Required action: Starting at the line that has "WordpressPopularPosts完了 (2)" and stopping after the line that has "luxury-5-bedroom-family-pool-villa-kalka", reproduce the listing below exactly; omit everything else.
#### Data to process
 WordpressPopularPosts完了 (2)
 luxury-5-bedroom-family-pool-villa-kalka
########
#### Data to process
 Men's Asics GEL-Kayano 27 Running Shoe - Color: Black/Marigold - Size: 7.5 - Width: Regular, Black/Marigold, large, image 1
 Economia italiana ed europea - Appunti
########
#### Data to process
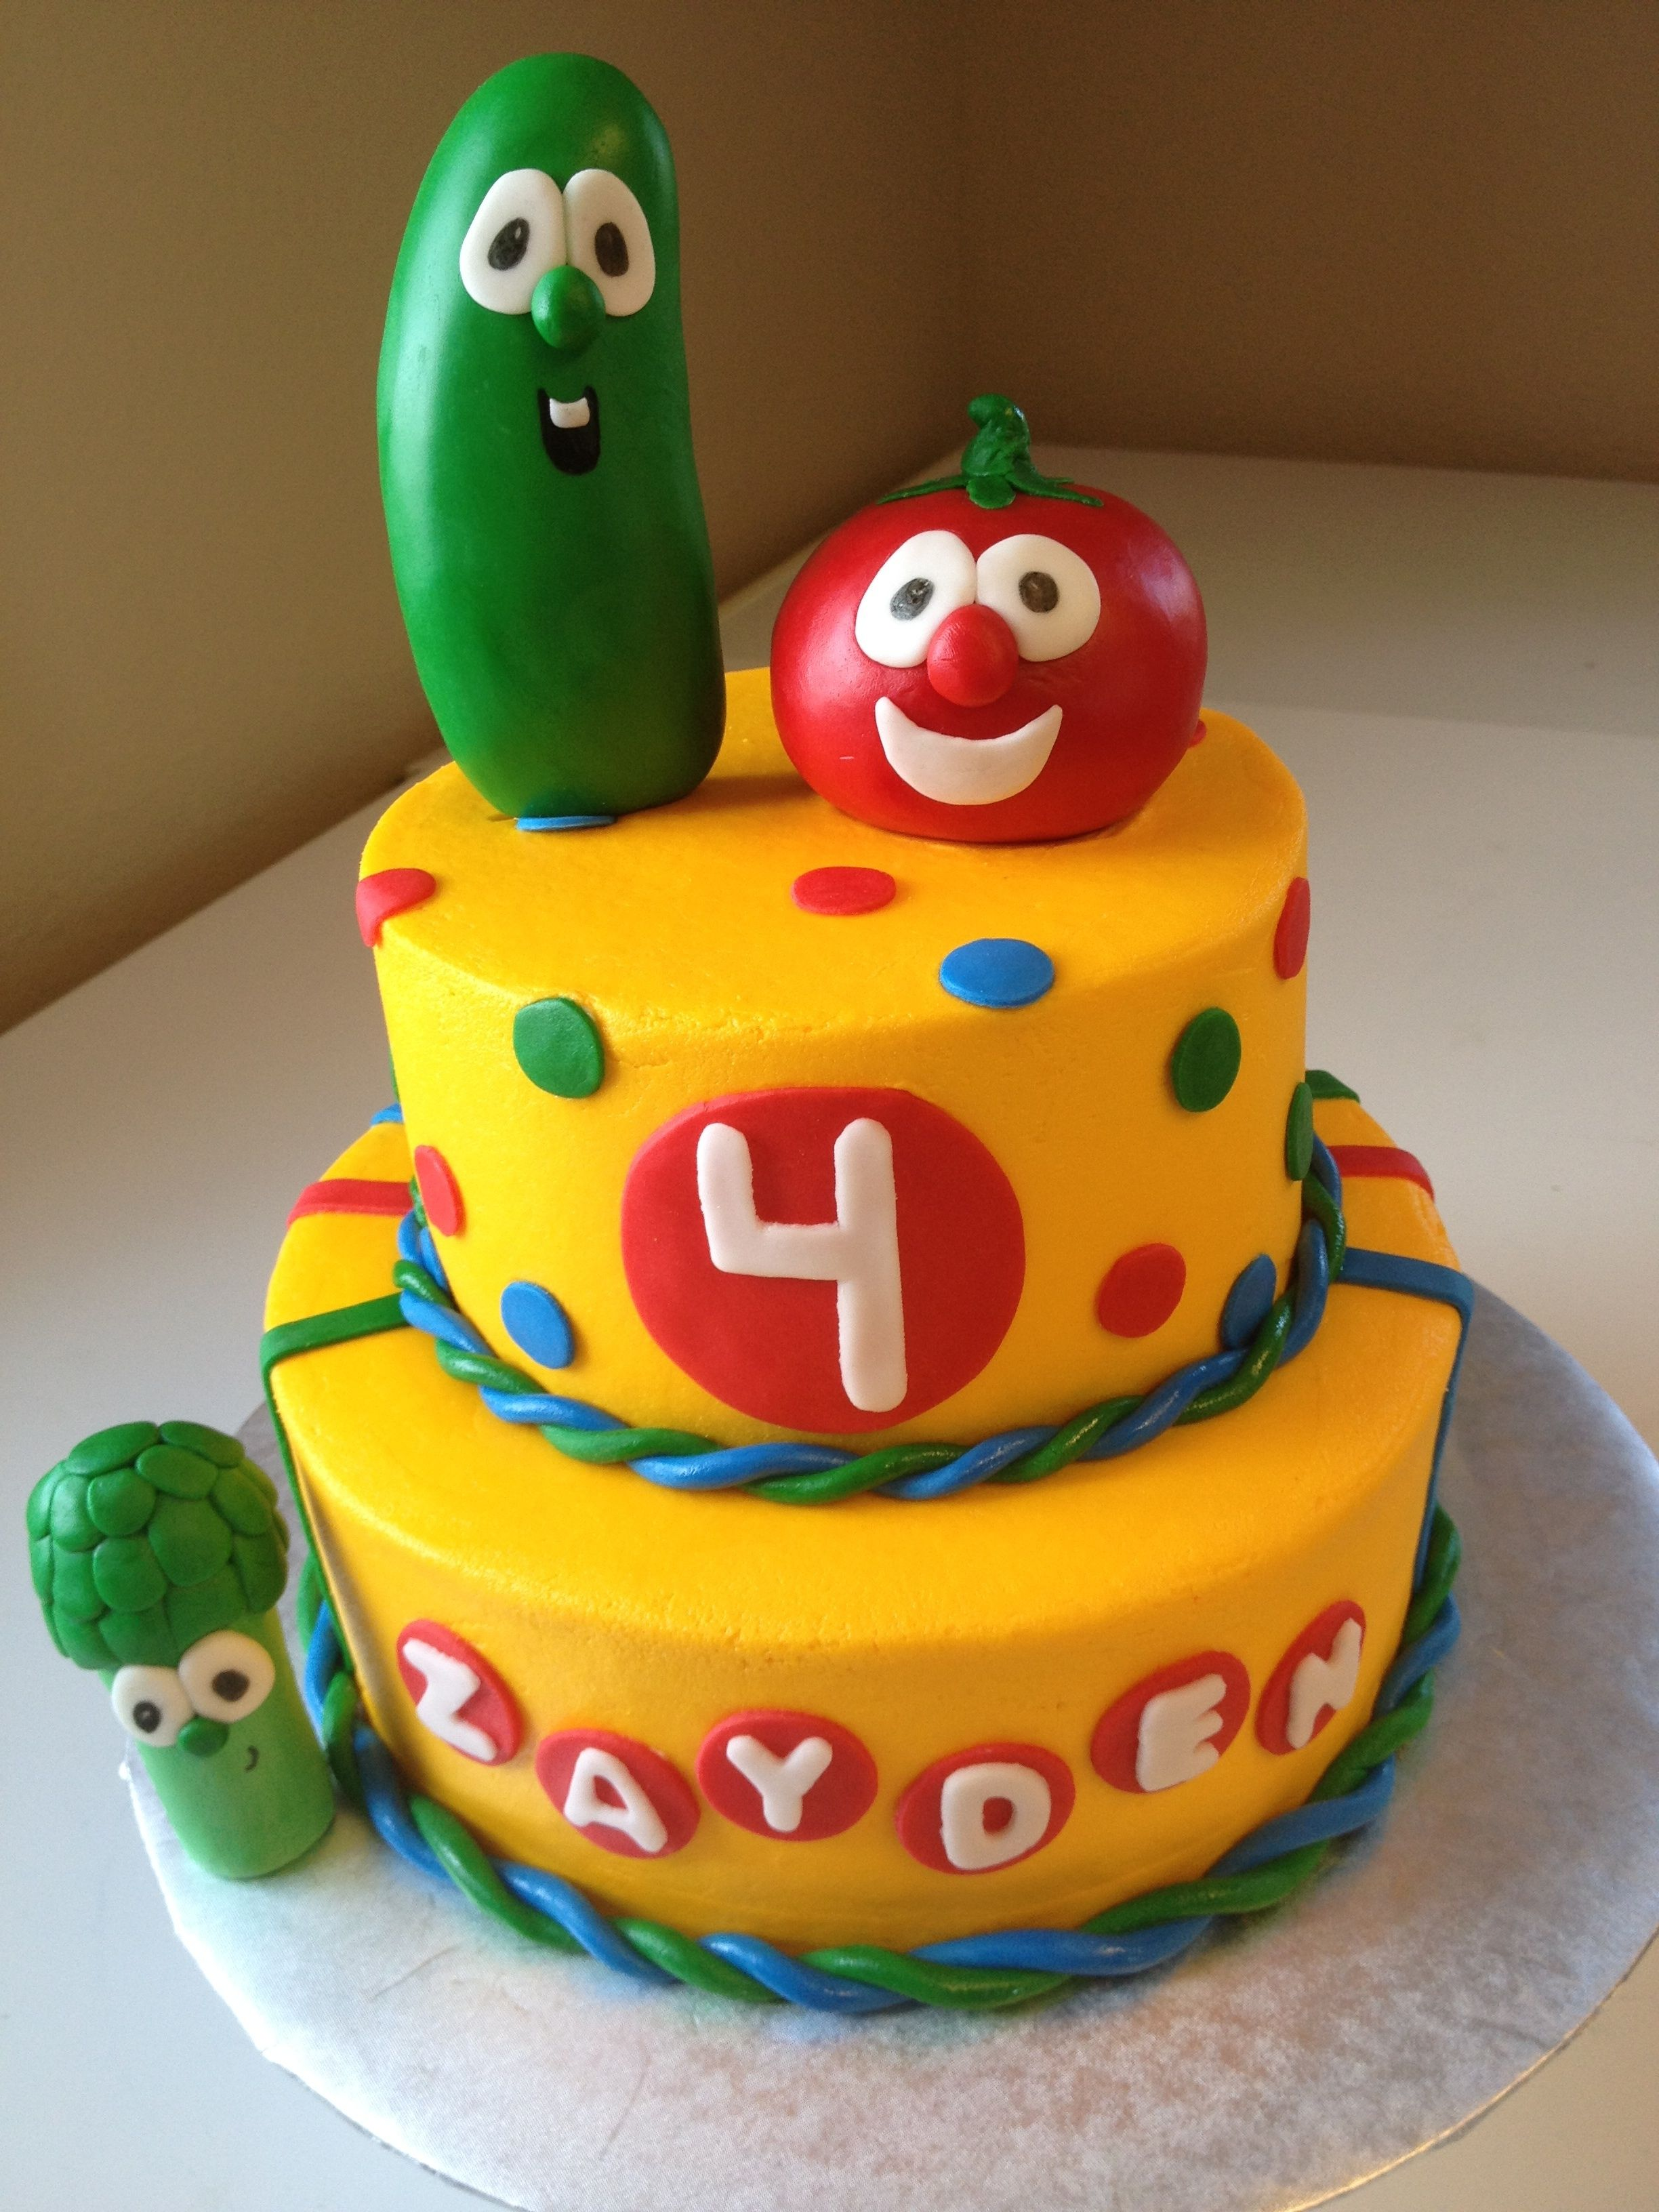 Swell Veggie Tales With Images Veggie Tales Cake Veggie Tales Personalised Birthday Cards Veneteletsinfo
########
Solution to this task:
 WordpressPopularPosts完了 (2)
 luxury-5-bedroom-family-pool-villa-kalka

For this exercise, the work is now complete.